Welcome to the Fifth Summer School on Statistical Methods for Linguistics and Psychology, 6-10 September 2021
Application, dates, location
- Dates: 6-10 September 2021.
- Times: The summer school is being taught completely online, the times will be decided closer to September.
- Location: The course will be taught virtually during this week, using pre-recorded videos, moodle, and Zoom for daily real-time meetings. For the Introductory courses, the recorded lectures will be available for free online to everyone (we will decide about the other courses later; watch this space).
- Application period: 16 Jan to 15 April 2021. Applications are closed; there were 633 applications. Decisions will be announced by 10th May 2021.
Brief history of the summer school, and motivation
The SMLP summer school was started by Shravan Vasishth in 2017, as part of a methods project
funded within the SFB 1287
. The summer school aims to fill a gap in statistics education, specifically within the fields of linguistics and psychology. One goal of the summer school is to provide comprehensive training in the theory and application of statistics, with a special focus on the linear mixed model. Another major goal is to make Bayesian data analysis a standard part of the toolkit for the linguistics and psychology researcher. Over time, the summer school has evolved to have at least four parallel streams: beginning and advanced courses in frequentist and Bayesian statistics. These may be expanded to more parallel sessions in future editions. We typically admit a total of 120 participants (in 2019, we had some 450 applications). In addition to the all-day courses, we regularly invite speakers to give lectures on important current issues relating to statistics. Previous editions of the summer school: 2020
Code of conduct
All participants will be expected to follow the (code of conduct
, taken from StanCon 2018
. In case a participant has any concerns, please contact any of the following instructors: Audrey Bürki, Anna Laurinavichyute, Shravan Vasishth, Bruno Nicenboim, or Reinhold Kliegl.
- Lisa DeBruine (co-instructor for Advanced methods in frequentist statistics with Julia)
- Douglas Bates (co-instructor for Advanced methods in frequentist statistics with Julia)
- Phillip Alday (Advanced methods in frequentist statistics with Julia)

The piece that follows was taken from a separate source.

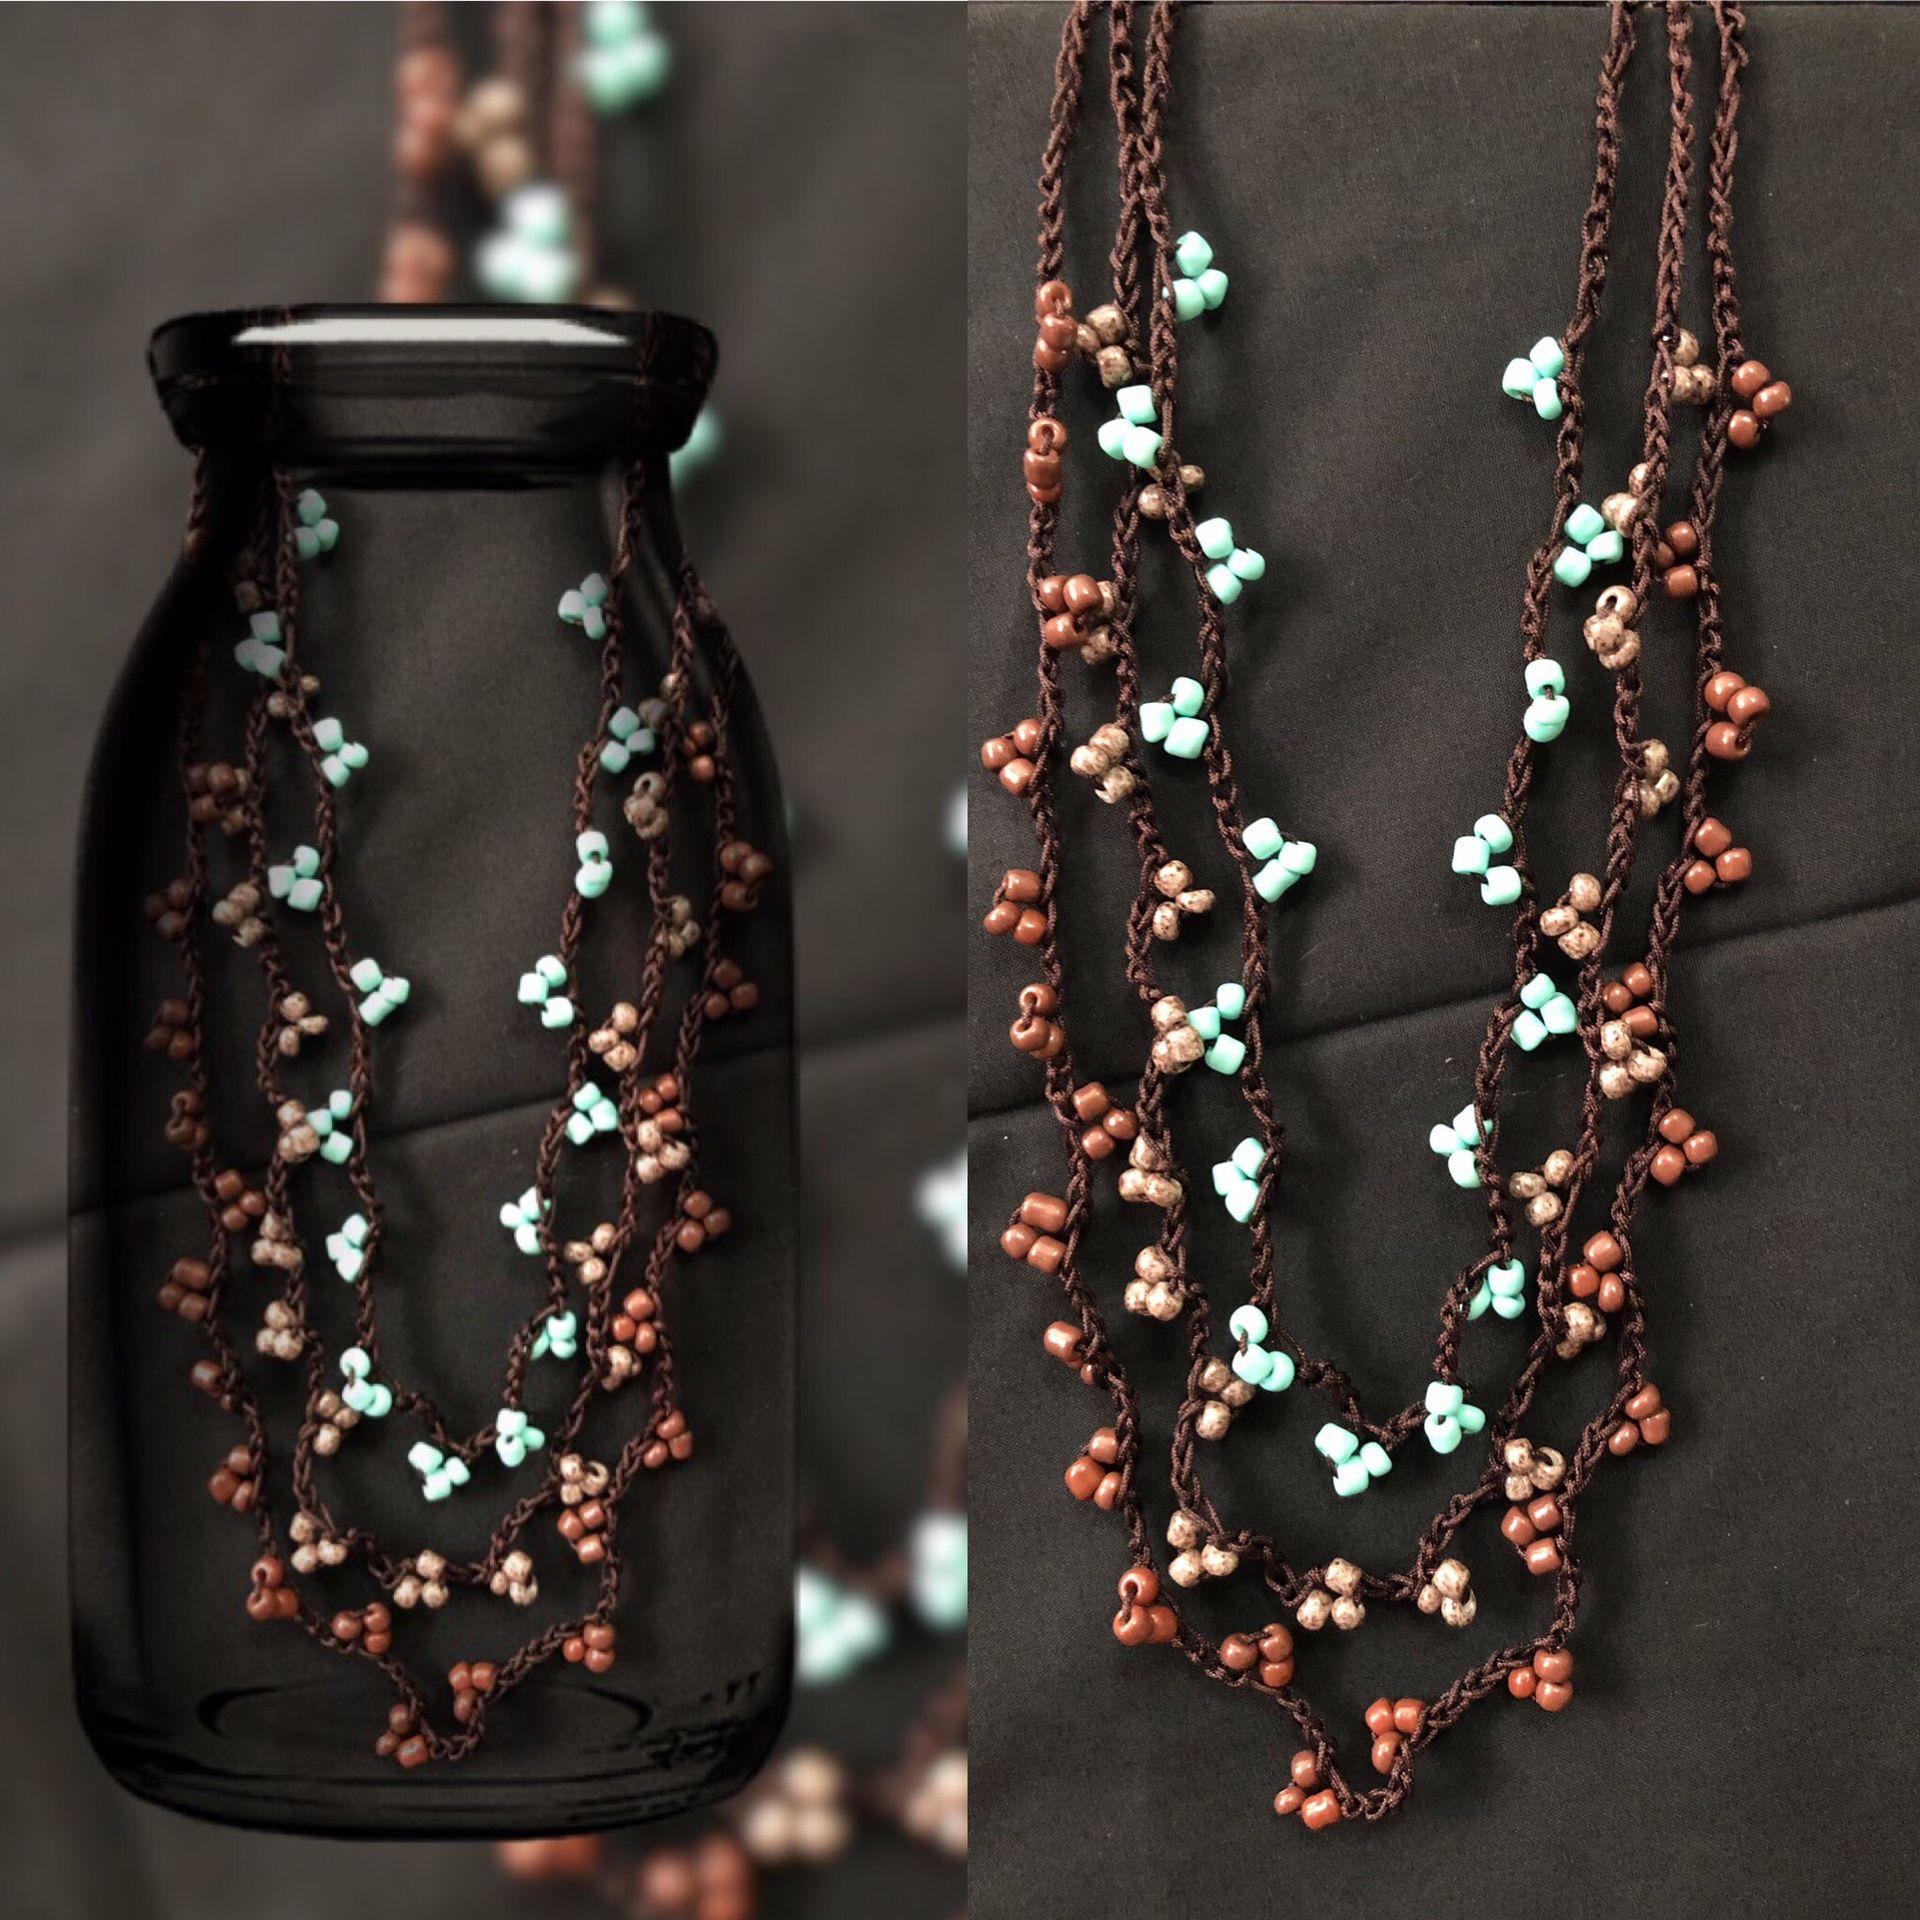 Handmade crochet glass beads necklace

- João Veríssimo (Foundational methods in frequentist statistics)
Invited keynote speakers
- Dóra Erbé-Matzke:
Title: Flexible cognitive architectures for response inhibition
Date: 7th Sept 2021, 5-6PM.
Imagine you driving down the highway stuck behind a slow car. You glance in the rear-view mirror to check if it is safe to overtake, but before you do so, you hear the siren of an ambulance and abort the overtaking manoeuvre. This type of response inhibition—the ability to stop ongoing responses that have become no longer appropriate—is a central component of executive control and is essential for safe and effective interaction with an ever-changing and often unpredictable world. Inhibitory ability is typically quantified by the stop-signal reaction time, the completion time of an inhibitory process triggered by a signal to stop responding. Because stop-signal reaction times cannot be directly observed, they must be inferred based on a model in which independent inhibitory (“stop”') and response (“go”) processes race with each other to control behavior. I review the limitations of the traditional non-parametric race model framework and show that it cannot be used to investigate response inhibition in the full range of situations and paradigms that are relevant to the study of cognitive control. To address this shortcoming, I outline a flexible parametric approach that generalizes the race model to account for aspects of behavior that are characteristics of real-world stopping, such as choice errors, attentional lapses, and the interaction between the stop and go processes. I propose various parametrizations of the framework, ranging from the descriptive ex-Gaussian distribution to a racing diffusion evidence-accumulation architecture, explore the strengths and weaknesses of the different models, and illustrate their utility with clinical and experimental data in choice-based as well as anticipated-response-based paradigms. I end with discussing the potential of this modeling framework to provide a comprehensive account of the mental processes governing behavior in realistically complex situations, and how it may contribute to the prediction of stopping performance in dynamic settings.
- Phillip Alday:
Title: Putting the NO in ANOVA: the past, present and future (role) of statistics in linguistics and psychology
Date: 9th Sept 2021, 5-6PM.
Language science and psychological science have an uneasy relationship with statistics, both as a tool for dealing with data and a tool for building theories. In this talk, I will discuss the historical disappointments and resulting prejudices against statistics as well as critical insights made possible by statistics, before discussing the current state of the field. In particular, I will discuss what modern, computer-age statistical practice -- such as mixed-effects models, Bayesian statistics and machine learning -- has to offer compared to traditional tools and why it's time to use tools that Clark and Cohen could have only dreamed of. In this vein, I will highlight that classical tools were often insufficient even in their heyday and that the increased complexity of modern tools simply reflect the complexity of the underlying data, which we can no longer responsibly ignore. I will focus on modern statistical approaches as a tool for theory building -- both for theories with stochastic and variable components and as a tool for handling messy and variable real-world data -- instead of as an alternative to theory building. For example, I will touch upon how modern approaches allow for an integrative notion of intra- and interindividual variation, thus addressing an inherent data complexity and theoretical concern and allowing for nearly every study to be an individual-differences study. Finally, I will conclude with my vision for (the role of) statistics in the future of psychology and linguistics and provide a few suggestions for how to achieve that vision.
Curriculum and schedule
We offer foundational/introductory and advanced courses in Bayesian and frequentist statistics. When applying, participants are expected to choose only one stream.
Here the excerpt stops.